After manipulating the data and plotting it in 2d, here is what we get:
The hero colors come from the groups we identified above. Again - notice that there are easily discrete clusters that are quite meaningful.
What do the vectors mean?:
What exactly do the numbers that we obtain for each hero mean though? For example, what does it mean that that the first dimension of Shadow Fiend has value -0.06813218? Usually, we'd just say that it is a 'latent feature' and leave it at that, but in this case, we can do a little bit more.
The dota2 gamepedia assigns a series of roles for each hero. They are of course debatable, and heroes can often change from support to carry across different patch - but it's still a good starting point. Here is a simple table of all the roles assigned to each hero.
Now, we have all the ingredients for the next step. Recall that each hero is described by 50 numbers (from our embedding procedure) and that hero has certain roles (from the dota2 gamepedia).
What we want to do now is to see if there is any relationship between the
embedding and a hero's role. There's lots of ways to do this - but perhaps
the easiest way is to use logistic regression.
For the math nerds - to insure that we get a sparse set of basis, we will
also use a strong L1 penalty (which, as a bonus, regularizes our predictions).

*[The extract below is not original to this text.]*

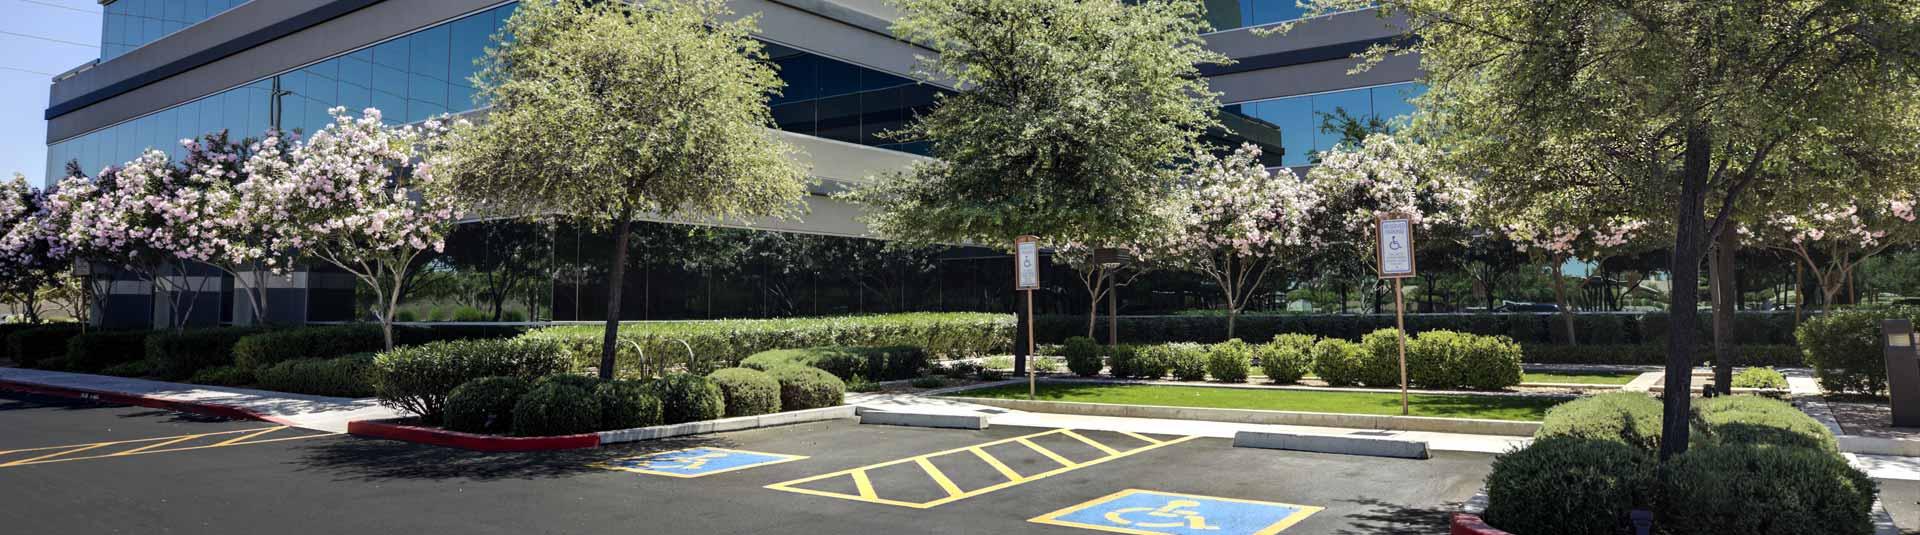 Commercial Landscaping Richmond Va

Here are the results of that:
What does that mean, in practice? We see that the 46th vector is strongly associated with being a support, and the 38th vector is strongly associated with being a ranged hero. Let's plot the 38th and 46th vector of all heroes:
As we can see - heroes that have higher values on axis 46, are a lot more likely to be support heroes. Similarly, heroes that have higher values on axis 38 are more likely to be ranged - you may notice that the two axis are somewhat correlated (but not perfectly so) - as support heroes are a lot more likely to be ranged. Incidentally, this correctly identifies Undying, Elder Titan and Abbadon as melee supports (high support, low ranged) but incorrectly identifies Drow Ranger (and, to a certain extent, Clinkz as melee heroes.
Conclusion:
When training those embeddings, we did not use any information about Dota2:
as far as the computer is concerned, each draft is an arbitrary sequence of
symbols without any meaning... yet, starting from that, we were able to recover
informative representations which have meaningful high level interpretation.
We treated Dota2 drafts as a foreign language that we do not speak, and, by
looking at patterns in how those words are used, managed to figure out what
the words mean relative to each other.
Further, by connecting the features that we learned in an unsupervised way to class roles, we were even able to give an interpretation to our latent features.